Old growth does this work at higher capacity than younger forest because the things that do the filtering — the soil column, the coarse woody debris, the moss layer, the persistent canopy — accumulate over centuries. A young plantation has very thin organic soil, almost no understorey moss, no decaying logs to retain moisture. The same rainfall produces a flashier hydrograph: more peak runoff, more sediment, less recharge. Cities downstream of mature watersheds learn this distinction the hard way after the upstream forest is cleared.

4. The underground forest

Most of an old-growth forest, by mass, is underground. The mycorrhizal fungal networks that connect tree root systems are now believed to mediate substantial carbon and nutrient transfer between trees, including between trees of different species. Their density and connectivity build up over many decades. We treat this in detail in the next primer; for now it's enough to know that "just plant more trees" almost always produces a forest with shallow, recently-disturbed, low-diversity fungal soil — structurally not the same thing as the soil in old growth.

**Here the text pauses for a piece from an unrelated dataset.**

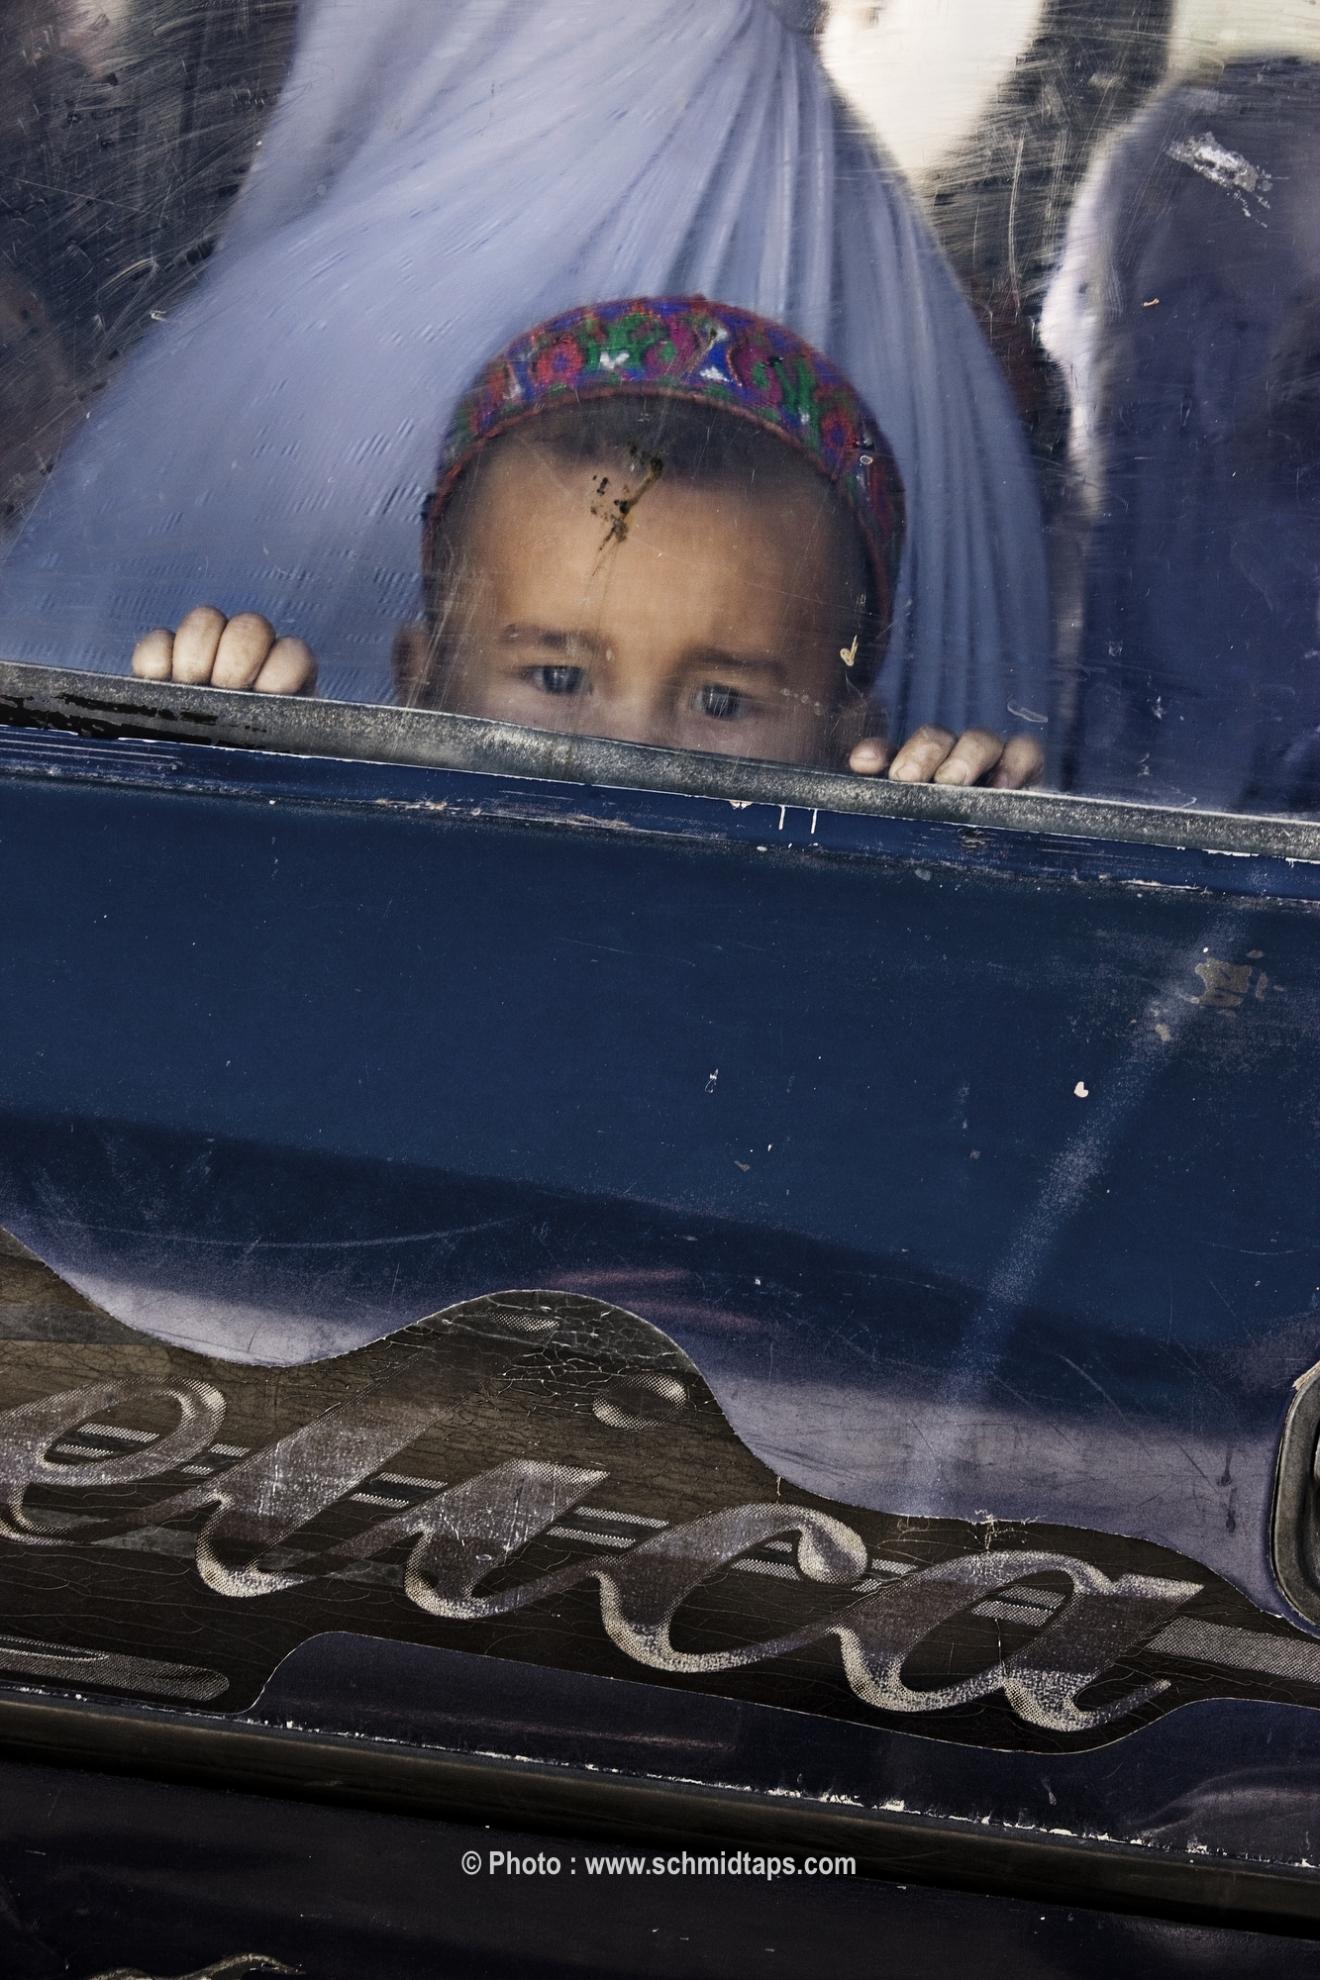 A little boy peeking out a car window. Photo: Lars Schmidt, 2010-'13

This is the piece that most often surprises people. The above-ground forest you see is roughly a third of the system. The other two-thirds is fungal hyphae, root mass, organic-rich soil, and the decay community working through it. Centuries of relative stability are what build that. A clearfell undoes it in days. A replant doesn't restore it.

The reversibility argument

Most environmental problems are reversible on human time scales. Polluted rivers can be cleaned. Cleared fields can be re-meadowed. Degraded grasslands can recover with grazing pressure removed. Old growth cannot be repaired. Once cleared, the four things above are gone for the lifetime of every adult alive when the chainsaw arrived, and probably for the lifetime of every grandchild they will have. Replanted forest may, eventually, after several centuries of being left alone, become old growth again — but only if no further interruption happens. In a world that is interrupting forests faster than ever, "we'll regrow it" is rarely a real plan.

This asymmetry is what makes old growth a special case. Other forest types can be reasonably managed, harvested, and regenerated. Old growth has to be subtracted from that conversation. It is the part of the world's forest stock that we should treat as the baseline reference, the carbon library, the species archive, and the watershed core — and which the rest of forestry should be built around, not at the expense of.

The science here is settled enough. The political application is where the action lies, which is what the rest of this library and the map are for.